Only the lines from the one containing "Retro 14k Yellow" through the last line below belong in your copy; transcribe them exactly and omit any pictures.

**Recorded information:**
--- START ---

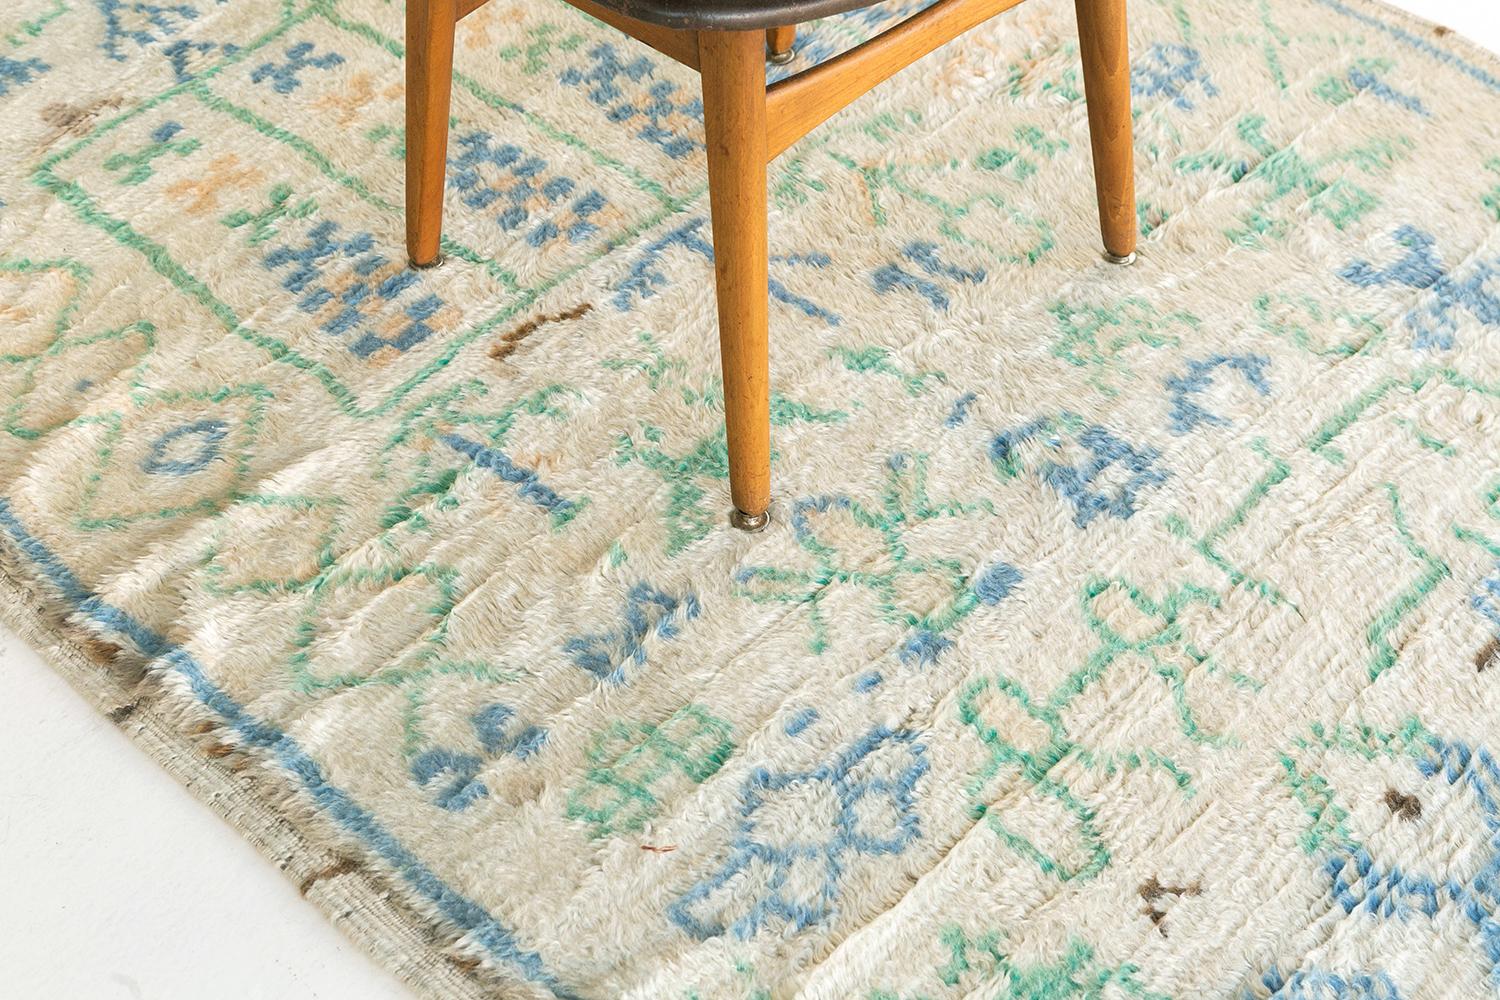 Ivory ground with cheerful azure, emerald, and golden details. Agrarian motifs include human and animal figures. The composition is axial and directional, buzzing with life. A vintage Berber lyric from the Atlas Mountains.

Rug
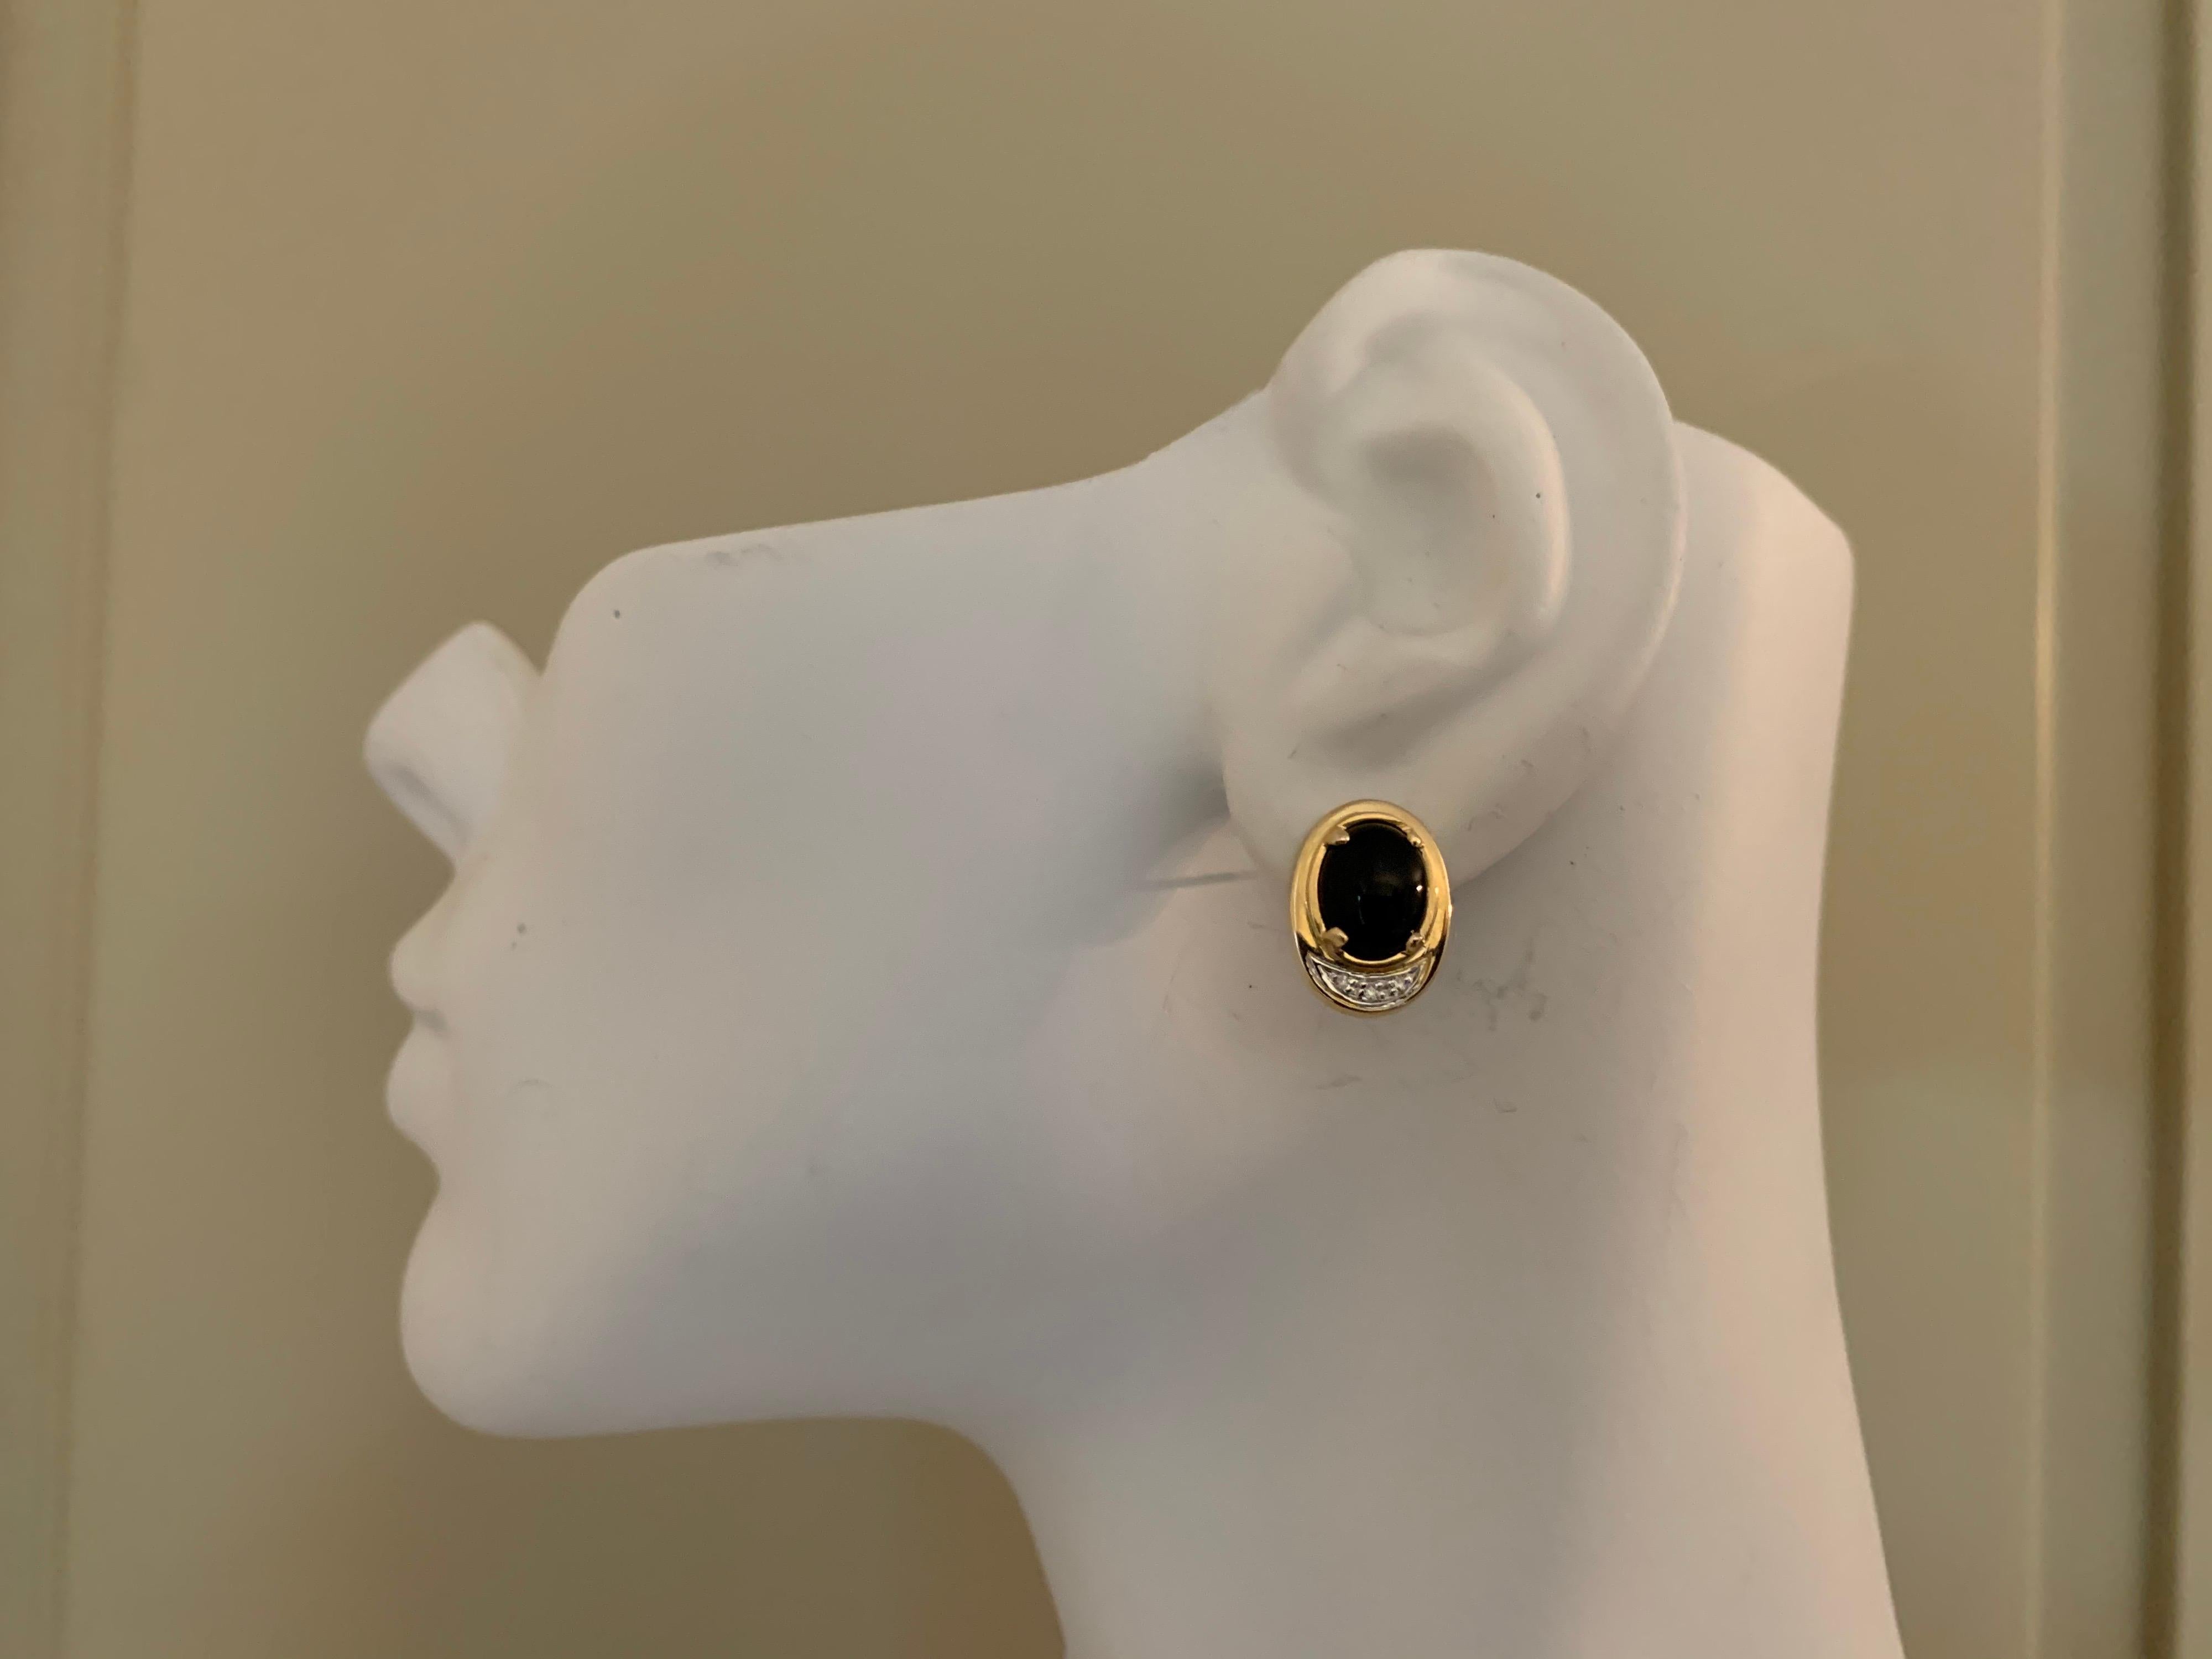 Retro 14k Yellow Gold 4.5 Gram Natural Oval Onyx & Diamond Earrings Circa 1960. 

The piece is set with 6 single cut diamonds weighing approximately .05 carats.

--- END ---

**Answer box:**
 Retro 14k Yellow Gold 4.5 Gram Natural Oval Onyx & Diamond Earrings Circa 1960. 

The piece is set with 6 single cut diamonds weighing approximately .05 carats.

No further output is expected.